専門学校日本デザイナー学院東京校 講師の原 広信(はらひろのぶ)です。

今回は六本木にある現代美術専門の画廊 小山登美夫ギャラリー六本木 で、以前から個人的に興味のあった作家の一人、エルネスト・ネトの個展が行われていますので、訪ねてみました。
1964年、リオ・デ・ジャネイロで生まれた、現代のブラジルを代表する作家の一人です。
今回はこの個展の作品をご紹介します。
エルネスト・ネトは1964年にブラジル リオ・デ・ジャネイロに生まれ、現在も故郷に在住して、創作活動を行っている現代アート作家です。主な個展として、グッゲンハイム美術館ハルビオ、サンパウロ州美術館、パリのグラン・パレなどがあります
※下線部引用 TOMIO KOYAMA GALLERY HP
【※今回は画廊の許可を得て、スマホで撮影した画像で作品を紹介します。】

さて、これから作品に参りましょう。

【 ネルネスト・ネト Ernesto Neto(1964~)『 szeb – imsepa 5 』2025年 211.0×113.0×22.0cm 綿糸のかぎ針編み・木と竹 筆者撮影 】 ※クレジット引用: KOYAMA GALLERY HP

紐状の綿糸を編み込んで作られた形状物から上下左右にその綿糸が伸びて複数の木製のフックに結ばれている。その総体として自らの意思のもとに壁を自由に徘徊する多足類の節足動物ような姿を形成しています。

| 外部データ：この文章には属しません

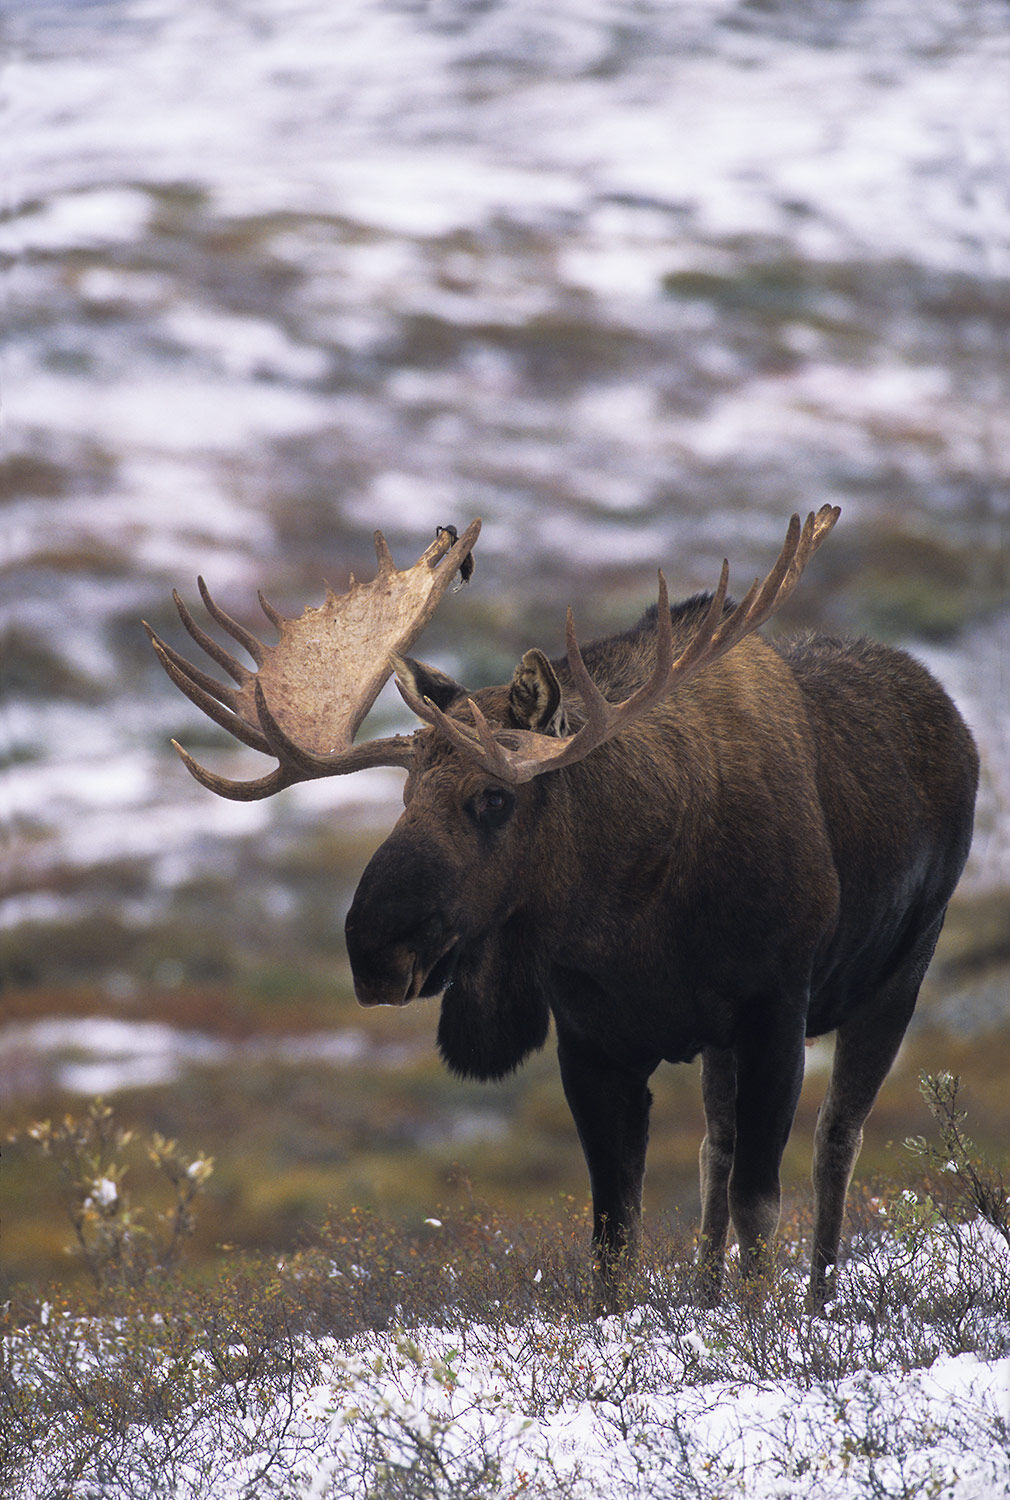 What’s not to love? Fresh snow, fall color and a bull moose!!! The majesty of the Alaskan wilderness is on full display in...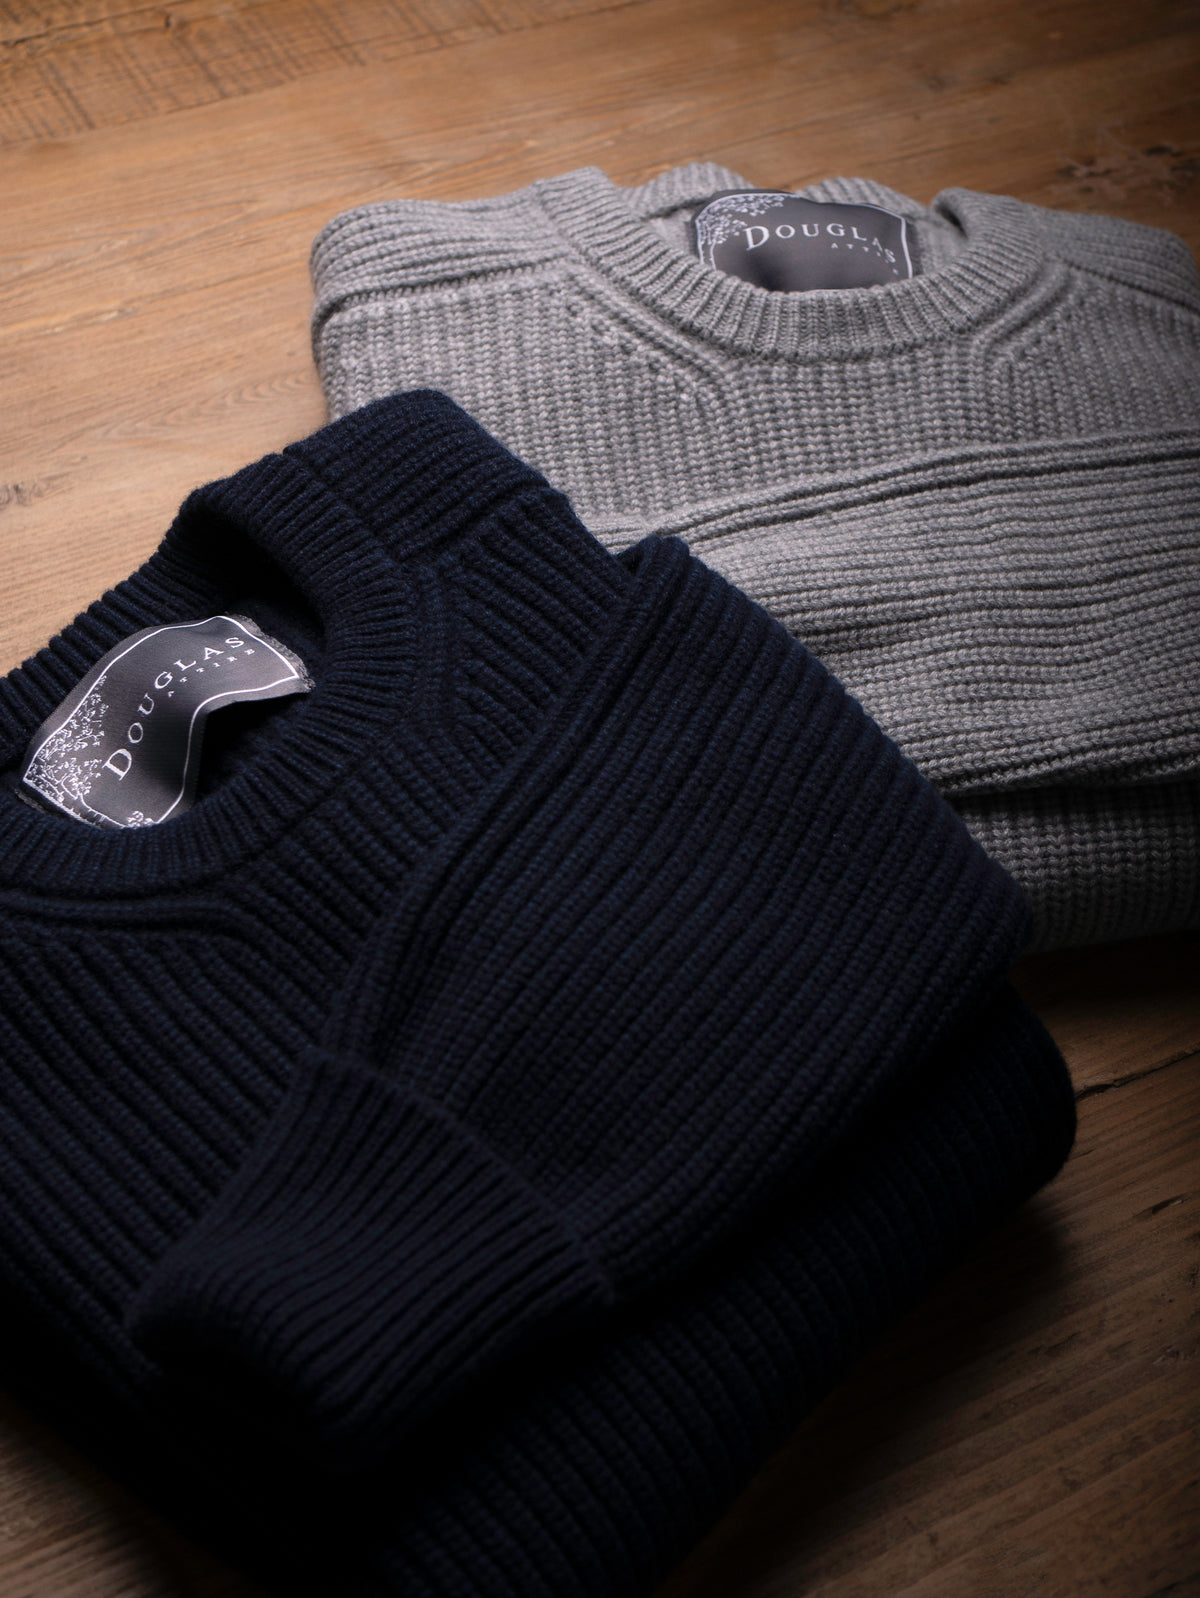 RIBBED SWEATER&lt;br&gt;NAVY

ご覧の方にはこの作品にどんな印象を持たれますでしょうか?

同じ作品を斜めの角度から撮影すると

ご覧のように、編みこれた部分の上から下まで5箇所に竹製のつっかえ棒が立てられていて、そのために作品が壁から一定程度(高さ最大22㎝)の立体的な距離を持たせています。

それと画廊の絶妙のライティングために作品とその影は生命を宿った有機体の存在感を浮かび上がらせているように(私には)感じました。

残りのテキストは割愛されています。